I don't understand how this function works and how it comes to the result of 60

Question

def A(x, y):
    if x == 0:
        return y + 2
    if y == 0:
        return A(x - 1, 1) + 1
    return A(x - 1, A(x, y - 1)) * 2

print(A(1, 3))

The output is 60 . I ran the code but I have no clue how you get to that value. Sorry for the rather dumb question.

Answer 1

A appears to be recursive, so when you call A(1,3) , it keeps calling itself.

Let's walk through it:

• The first time you run it, x != 0 , so it doesn't return y+2

• y != 0 , so it doesn't return A(x-1, 1) + 1

• Instead, it returns A(x-1, A(x, y-1)) * 2

  …

A view of this can be summarised as:

A(1,3):
    return A(x-1, A(x, y-1)) * 2
    return A(0, A(1, 2)) * 2:
        A(1,2):
            return A(x-1, A(x, y-1)) * 2
            return A(0, A(1, 1)) * 2:
                A(1,1):
                    return A(x-1, A(x, y-1)) * 2
                    return A(0, A(1, 0)) * 2:
                        A(1,0):
                            return A(x-1, 1) + 1
                            return A(0, 1) + 1:
                                A(0,1):
                                    return y+2
                                    return 3
                                3 + 1 = 4
                                return 4
                    return A(0,4) * 2:
                        A(0,4):
                            return y+2
                            return 6
                        6*2 = 12
                    return 12
            return A(0, 12) * 2:
                A(0,12):
                    return y+2
                    return 14
                14*2 = 28
            return 28
    return A(0, 28) * 2:
        A(0,28):
            return y+2
            return 30
        30 * 2 = 60
    return 60

Hopefully that 'tree' helps you visualise what is going on.

Answer 2

Let's go through your program step by step:

• First, we call the function A , with parameters 1, and 3.
• The function A starts running and sets x to the first parameter, 1, and y to the second parameter, 3.
• Execution then continues until it comes to the first if statement.
• x is not 0, so we skip to the next statement, which is the second if statement.
• y is not 0, so we skip to the next statement, which is the second call to the A function with the parameters x - 1 (which evaluates to 0), and A(x, y - 1) as the second parameter.
• The second parameter results in a third call to A, with the parameters 1 and 2. This is computed first, then the result of it is set to the the second parameter of the second call of A
• the second call to A hits the return statement, and returns the result to the first call to A. This value is then multiplied by 2, and the first call to A then returns it's value to the initial print function, which displays the number 60.

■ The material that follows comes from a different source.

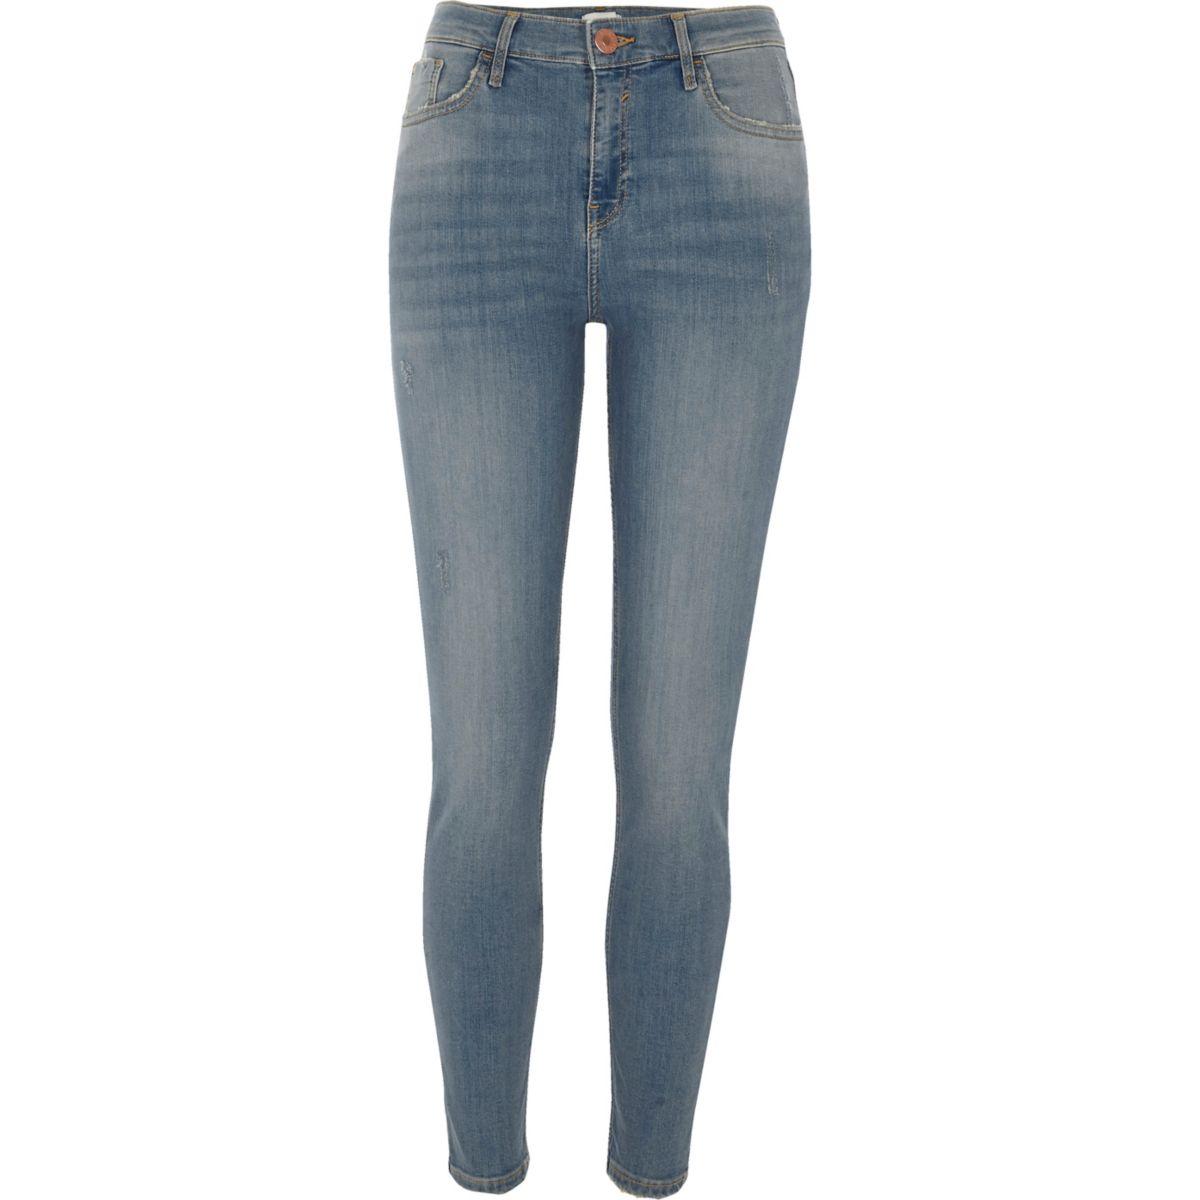 Light blue wash Amelie super skinny jeans

This can quickly get hard to keep track of by hand, so it's helpful to add a print statement, or use a debugger.

Here's an example of your function modified with a print statement:

def A(x, y):
    print('in A.  x:',x,'y:',y)
    if x == 0:
        return y + 2
    if y == 0:
        return A(x - 1, 1) + 1
    return A(x - 1, A(x, y - 1)) * 2

print(A(1, 3))

which produces the following output:

in A.  x: 1 y: 3
in A.  x: 1 y: 2
in A.  x: 1 y: 1
in A.  x: 1 y: 0
in A.  x: 0 y: 1
in A.  x: 0 y: 4
in A.  x: 0 y: 12
in A.  x: 0 y: 28
60